- [Given information]:
□ □ □ □
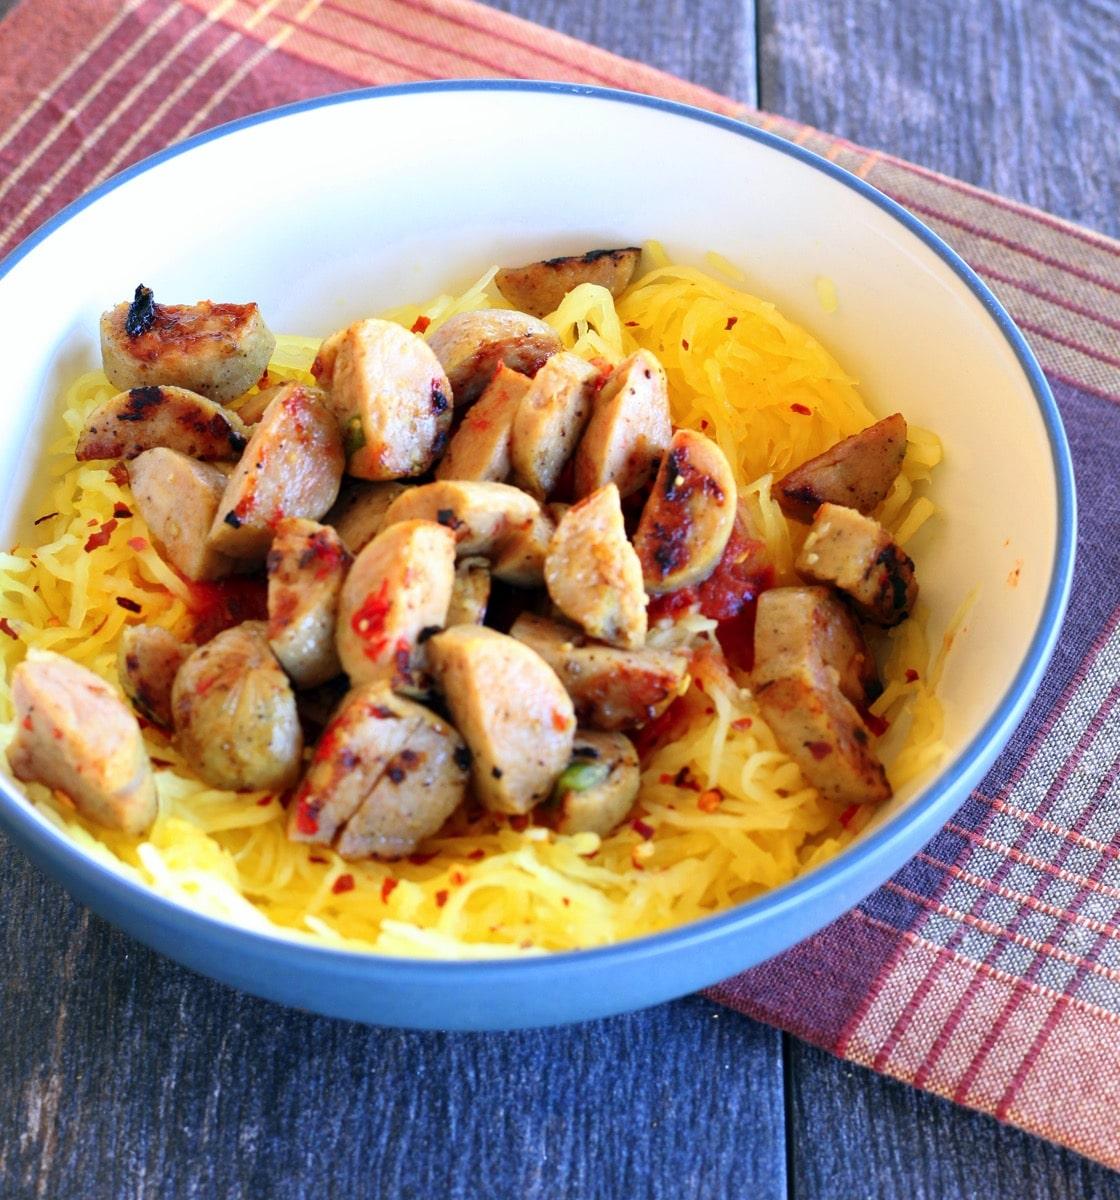 Spaghetti squash and chicken
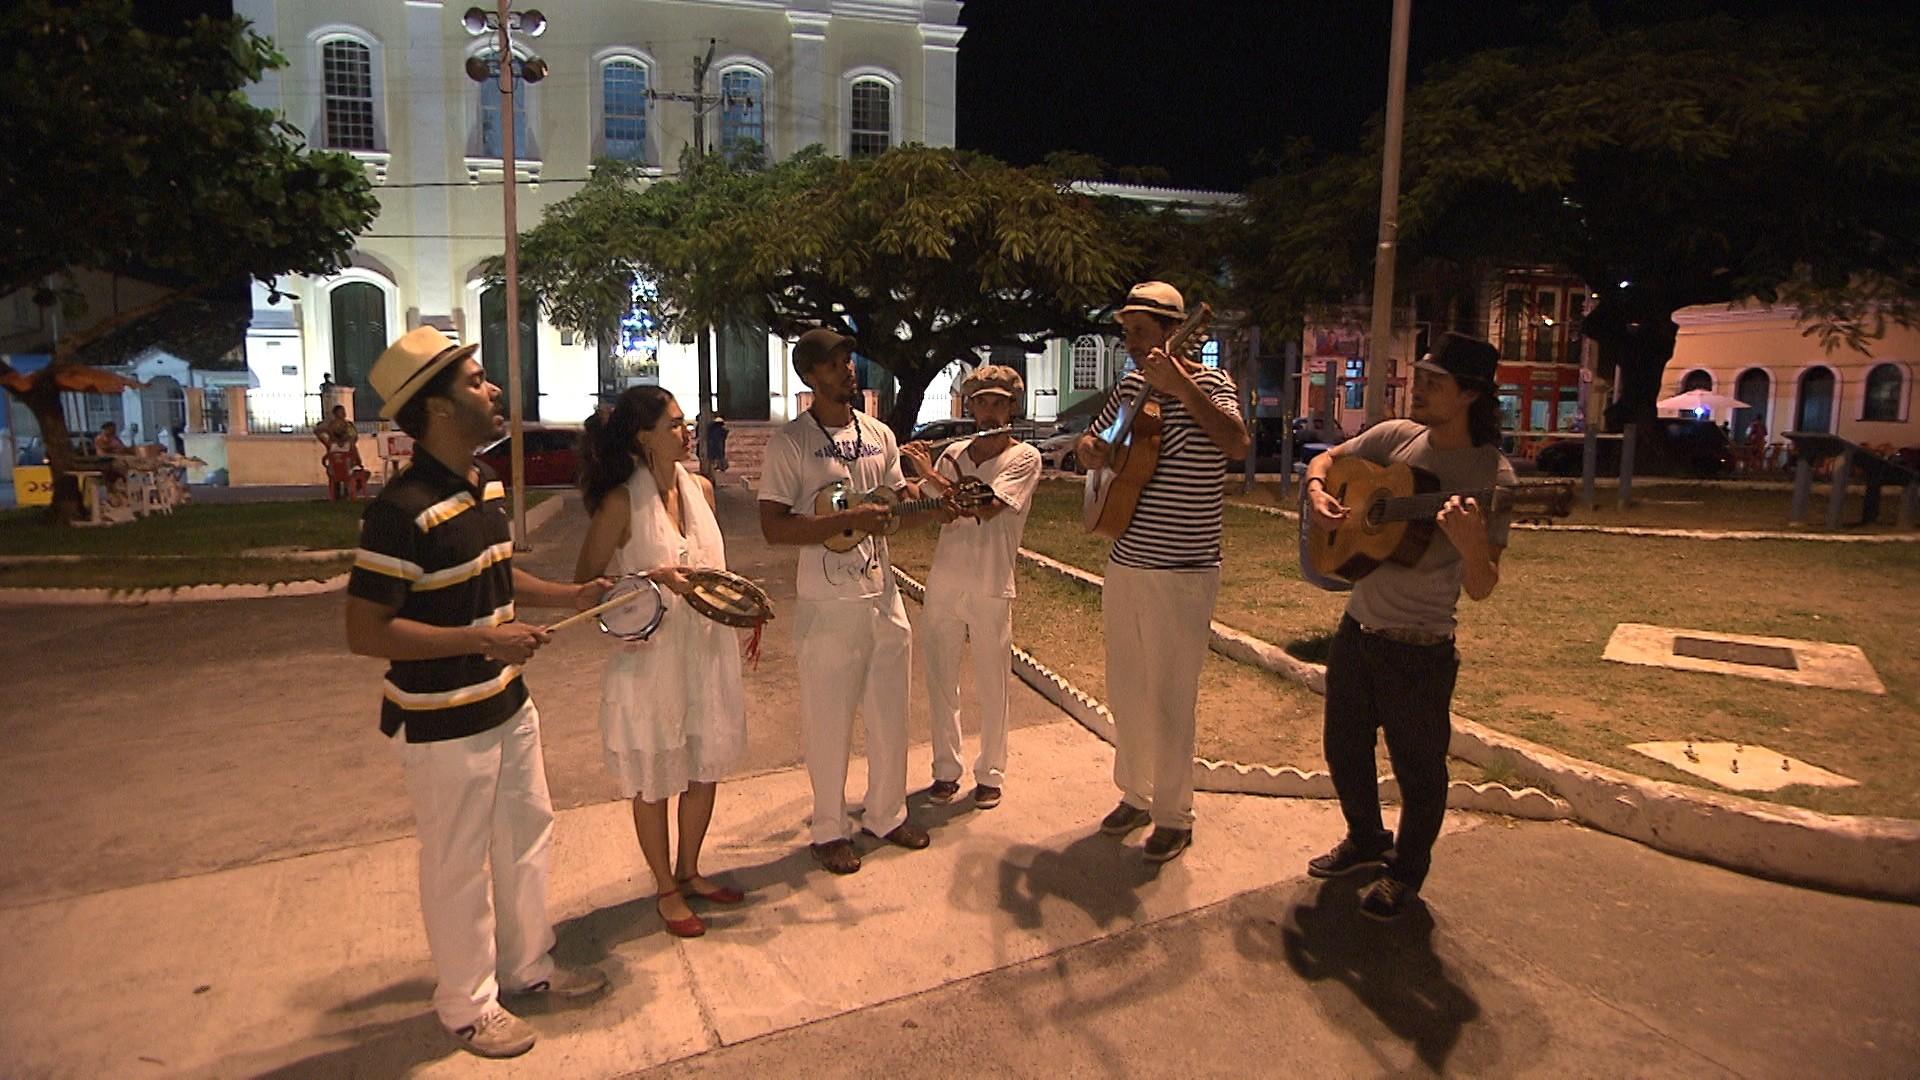 Rede Bahia Revista faz uma homenagem ao samba (Foto: divulgação)
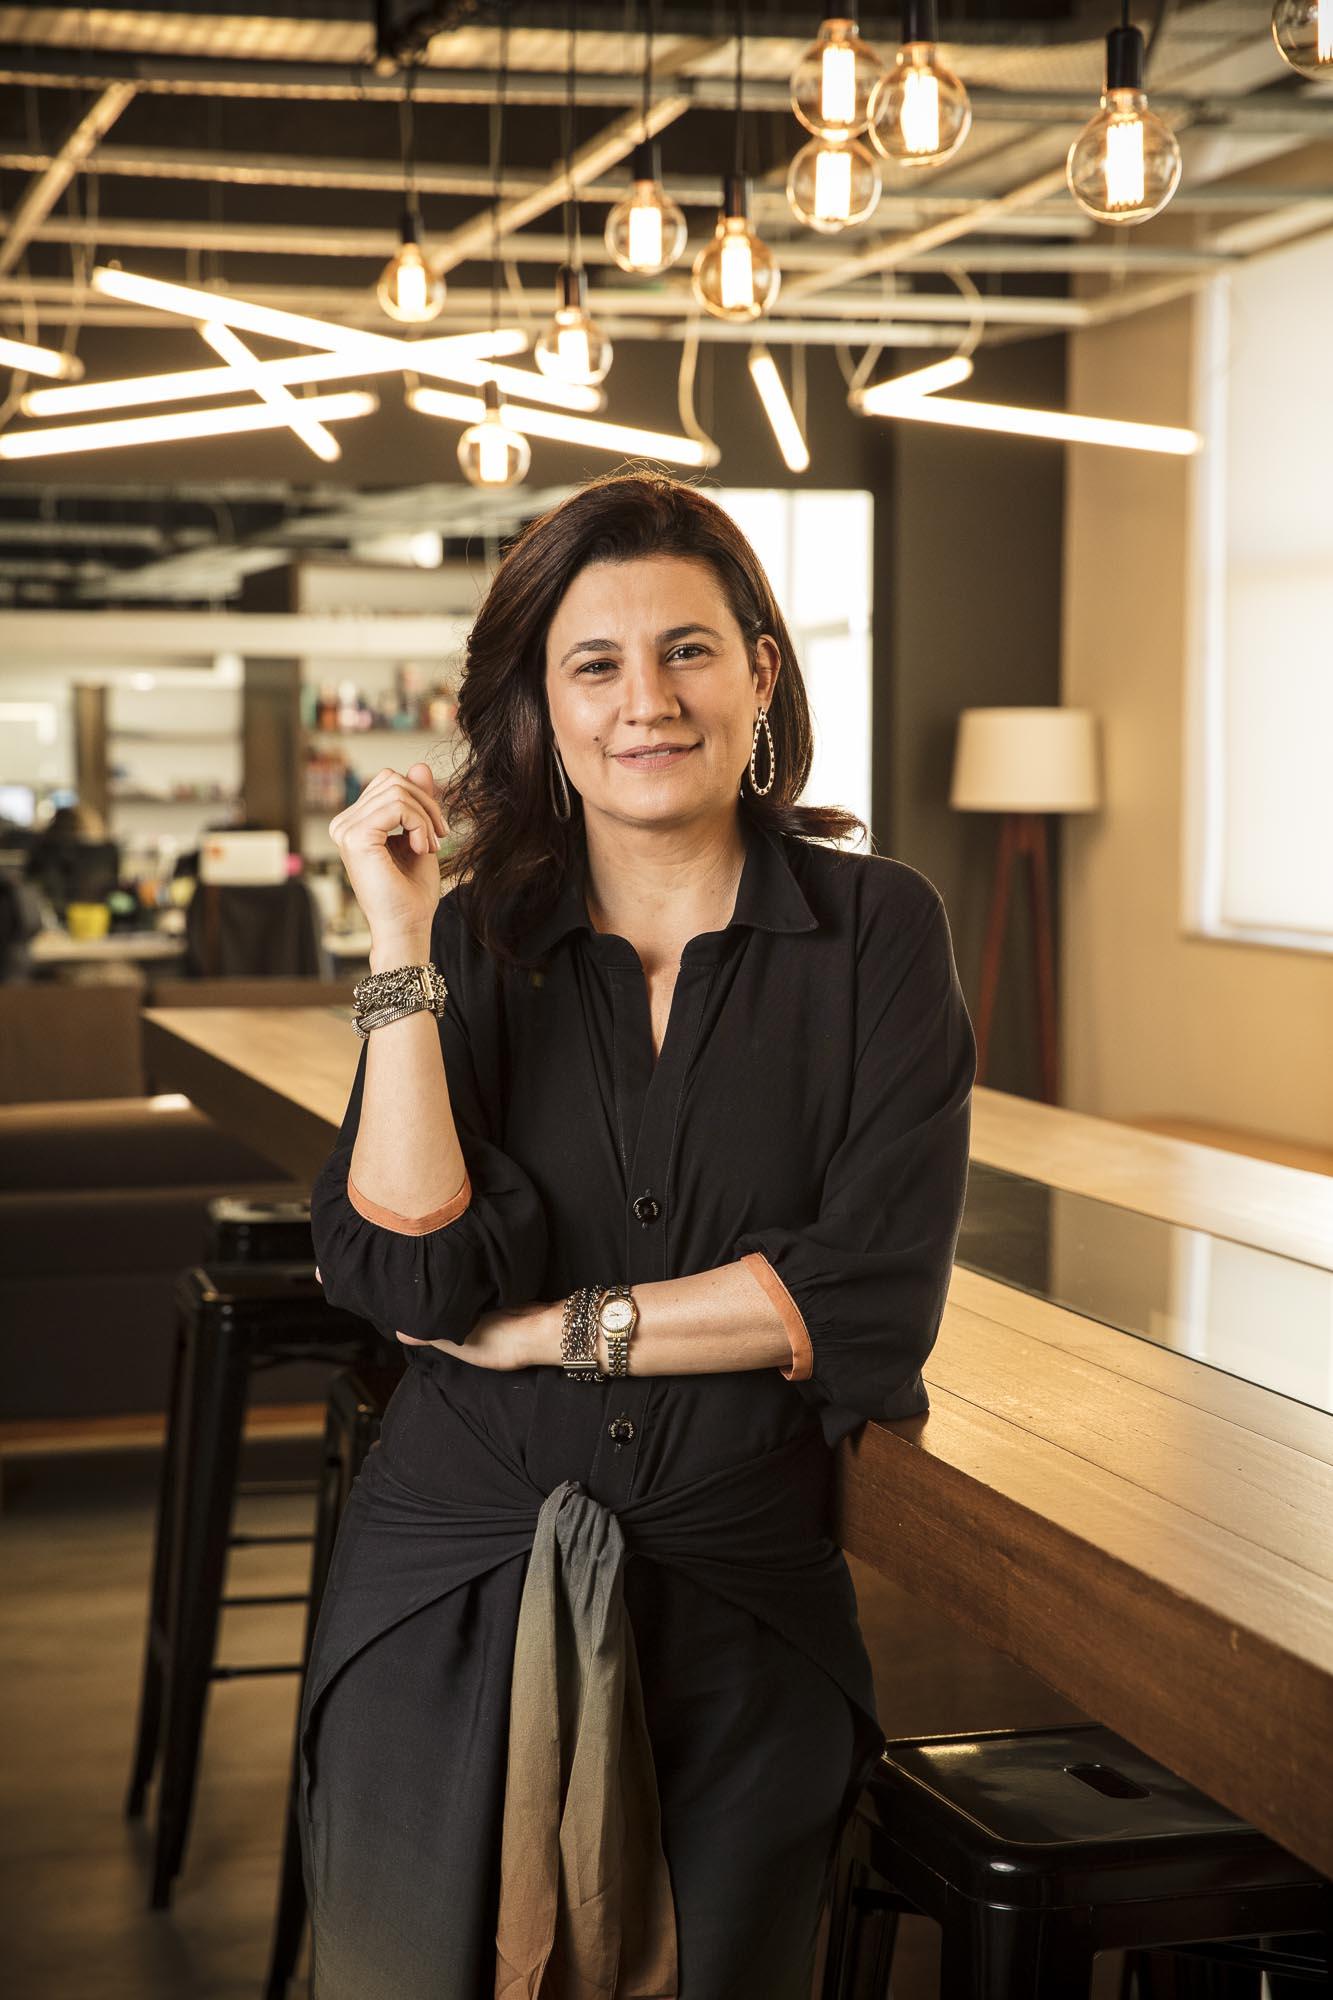 Ana Paula Perdigão, Diretora de Atendimento.
□ □ □ □
Copy out all the data exactly; skip the pictures.

- [Expected answer]:
 Spaghetti squash and chicken
 Rede Bahia Revista faz uma homenagem ao samba (Foto: divulgação)
 Ana Paula Perdigão, Diretora de Atendimento.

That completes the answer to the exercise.